Chez ce prince, Audric Bezard, la passion et le drame ne s’imposent pas d’emblée. Avec son ballon velouté et son parcours ample, il évoque un de ces « chats-chien » d’appartement, qui viennent saluer tous les nouveaux arrivants avec grâce au lieu d’aller se cacher sous les meubles. Le doute ne s’insinue en lui que lorsqu’il se retrouve seul (ainsi, sa variation lente est exécutée comme si chacun des pas qui la compose était une pensée soupesée). Au 2e acte, il reste aimable et déférent envers sa princesse.
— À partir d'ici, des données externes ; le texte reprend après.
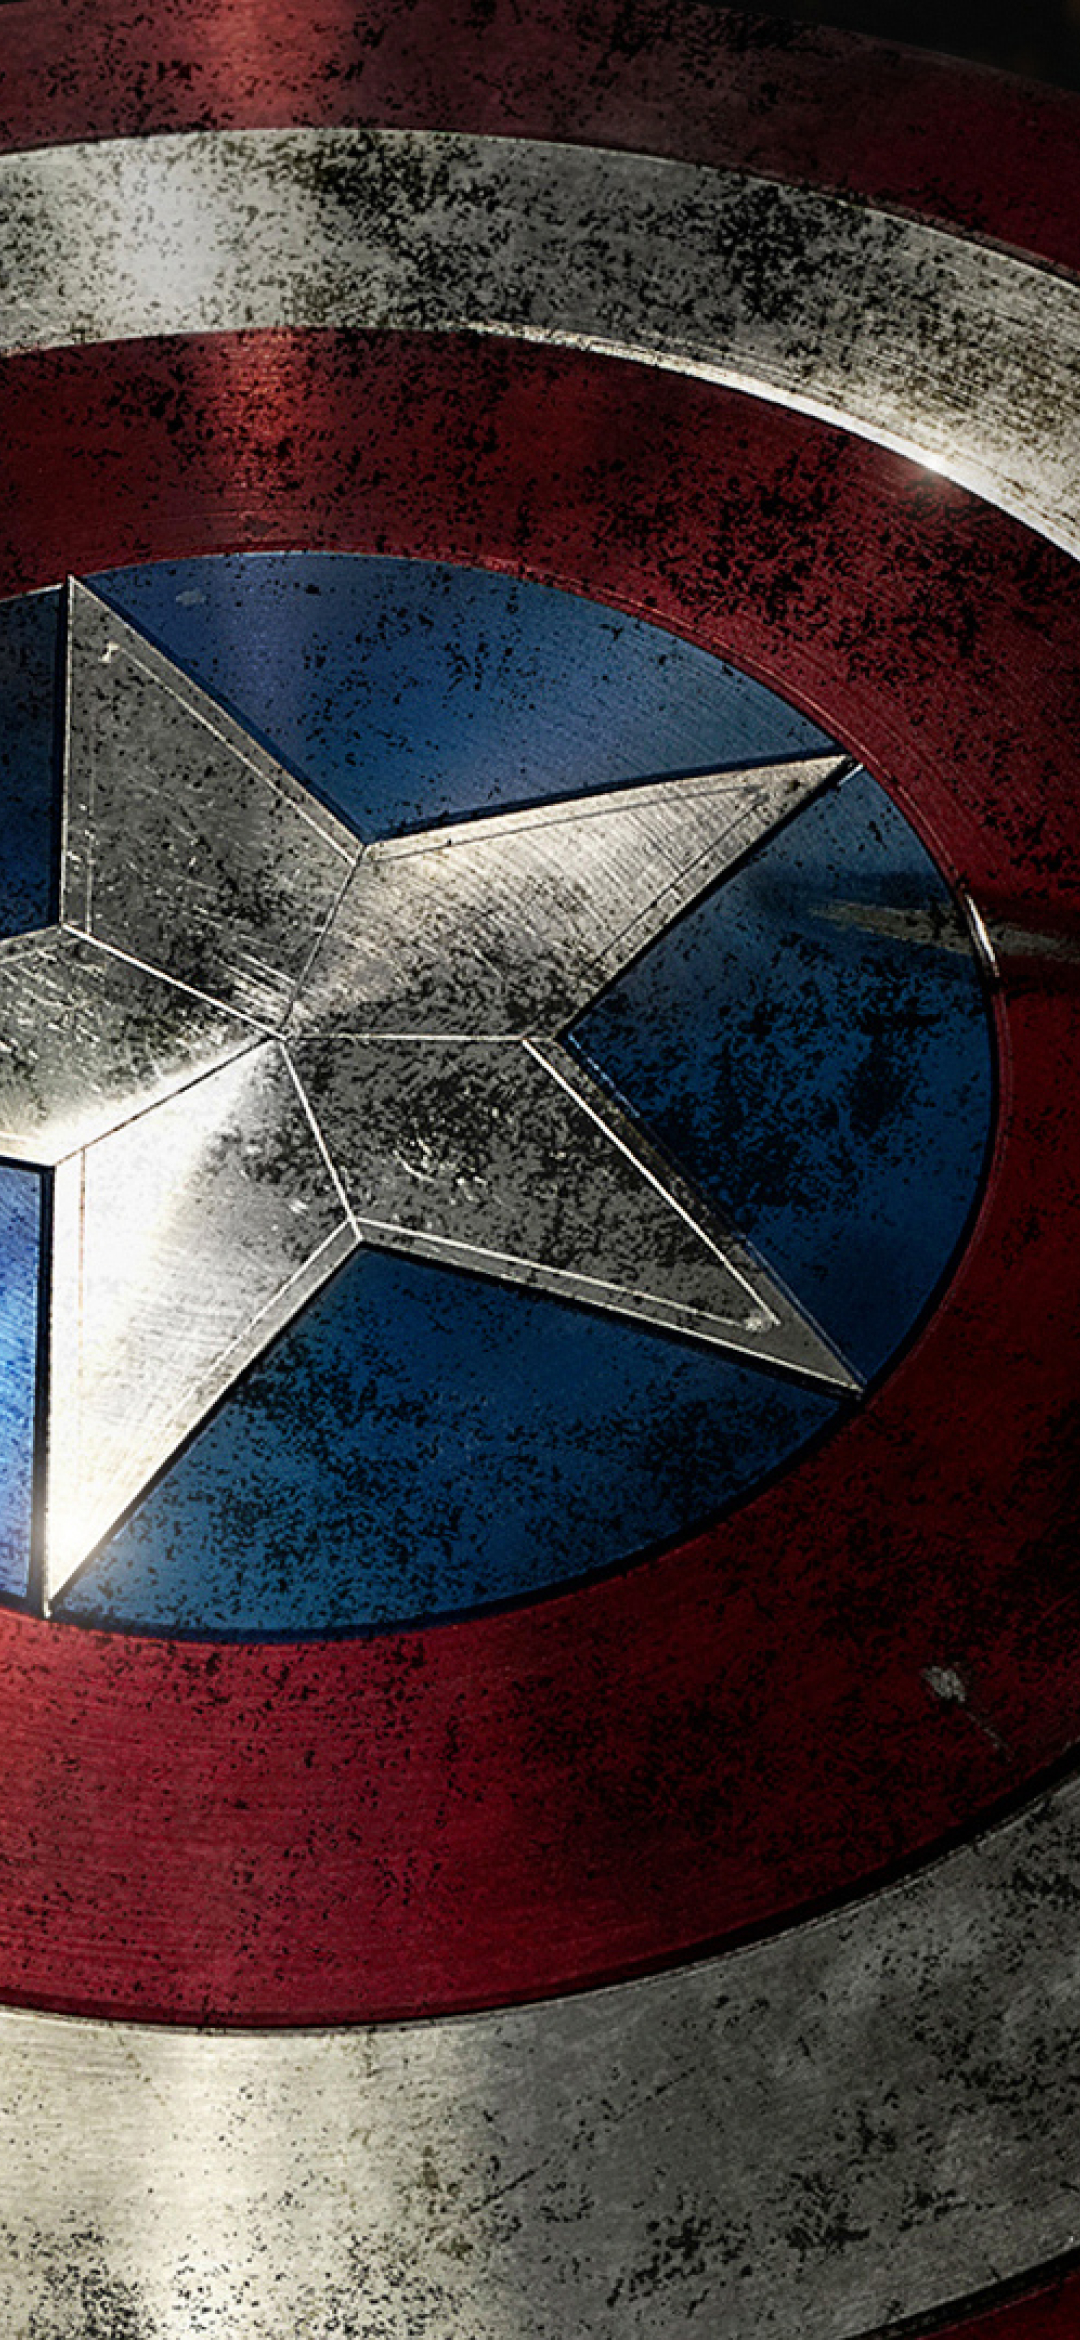 1080x2340 Captain America Shield Wallpapers 1080x2340 Resolution Wallpaper Hd Movies 4k Wallpapers Images Photos And Background
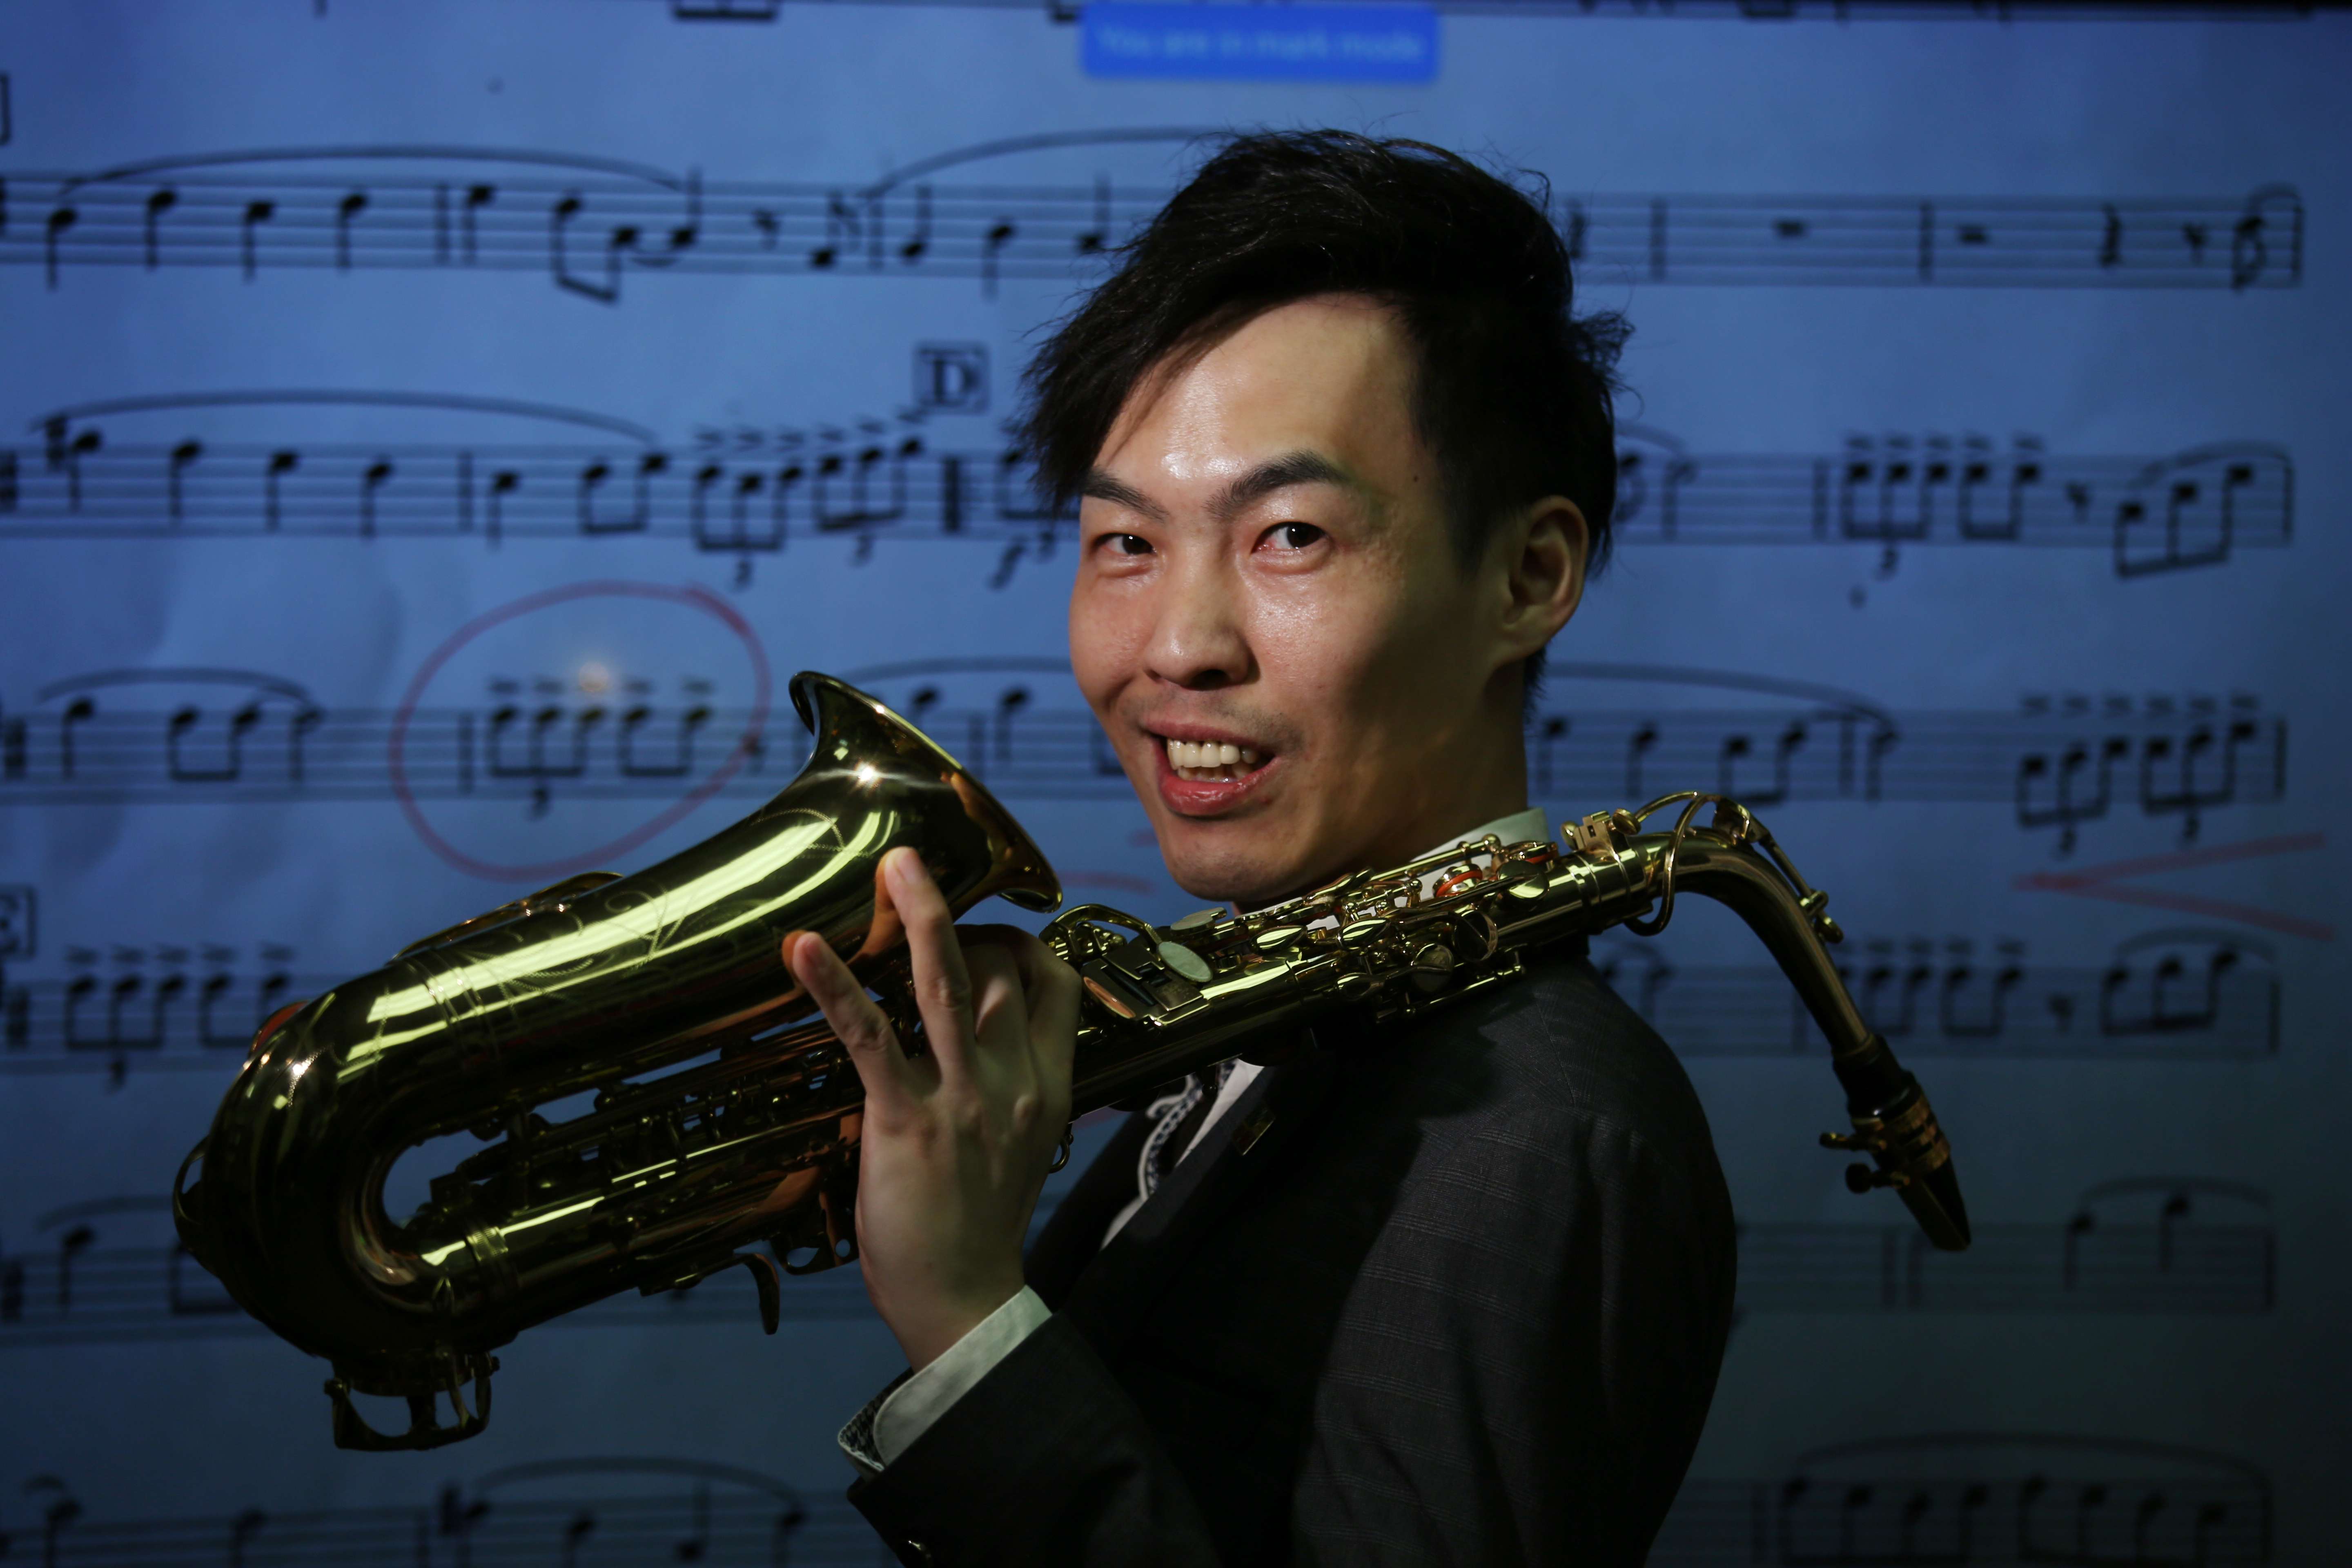 “I want all children to have equal access to music education,” says Jacky Ko. Photo: Nora Tam

Au troisième, ce prince félin joue, fasciné, avec son oiseau de paradis –pour tout dire, c’est à ce moment, où Odile imite le cygne blanc, que mademoiselle Hecquet est la plus crédible en créature à plume. Bezard se laisse entraîner dans le tourbillon de l’enchanteresse. Aux fouettés diaboliquement précis et méthodiquement doublés de sa partenaire, il oppose de non moins impressionnants tours à la seconde. Le moment du parjure est alors pour lui un véritable éclair dans un ciel d’été. A l’acte 4, c’est sa maîtrise de l’adage qui fait merveille. Le dernier pas de deux émeut par l’accord des lignes (Ce même bel accord entre mademoiselle Hecquet et Audric Bezard qui avait déjà gagné mon suffrage dans la Belle au bois dormant) et le jeu des oppositions de tensions … Siegried-Bezard semble vouloir s’échapper par la coulisse tandis qu’Odette-Hecquet est comme aimanté par le groupe des cygnes.
Qu’importe au fond si on n’a pas le cygne, pourvu qu’on ait le sentiment du tragique partagé.
Je n’ai vu aucune de ces distributions mais quel magnifique article, je crois que j’ai tout vu – vos images sont si vives.
La dernière phrase est une merveille et j’y souscris pleinement. Merci pour ce compte-rendu (mais en est-ce encore un ?) si plein de grâce.
Merci, Noor!
Comme toujours, j’ai oscillé entre le rire et l’émerveillement d’un enfant découvrant son premier feu d’artifice à l’heure où habituellement ses parents l’obligent à dormir alors qu’il n’a même pas sommeil; je me suis délectée de ce magnifique carnaval des animaux! et j’ai une tendresse toute particulière pour le chat-chien qui ne se cache pas sous un meuble; une bronchite m’a privée de Laura mais je découvrirai Hannah ce soir!
Nous y étions ce soir aussi. J’espère que vous avez apprécié votre soirée, Shana. CL.
Je suis sous le charme absolu de Hannah et aussi de Yannick, j’écrirais mon article avec mon lyrisme teuton et sans grâce et serait donc ravie de vous lire bientôt! Paquette est monté sur ressort pour cette saison, je l’ai connu plus subtil en 2006!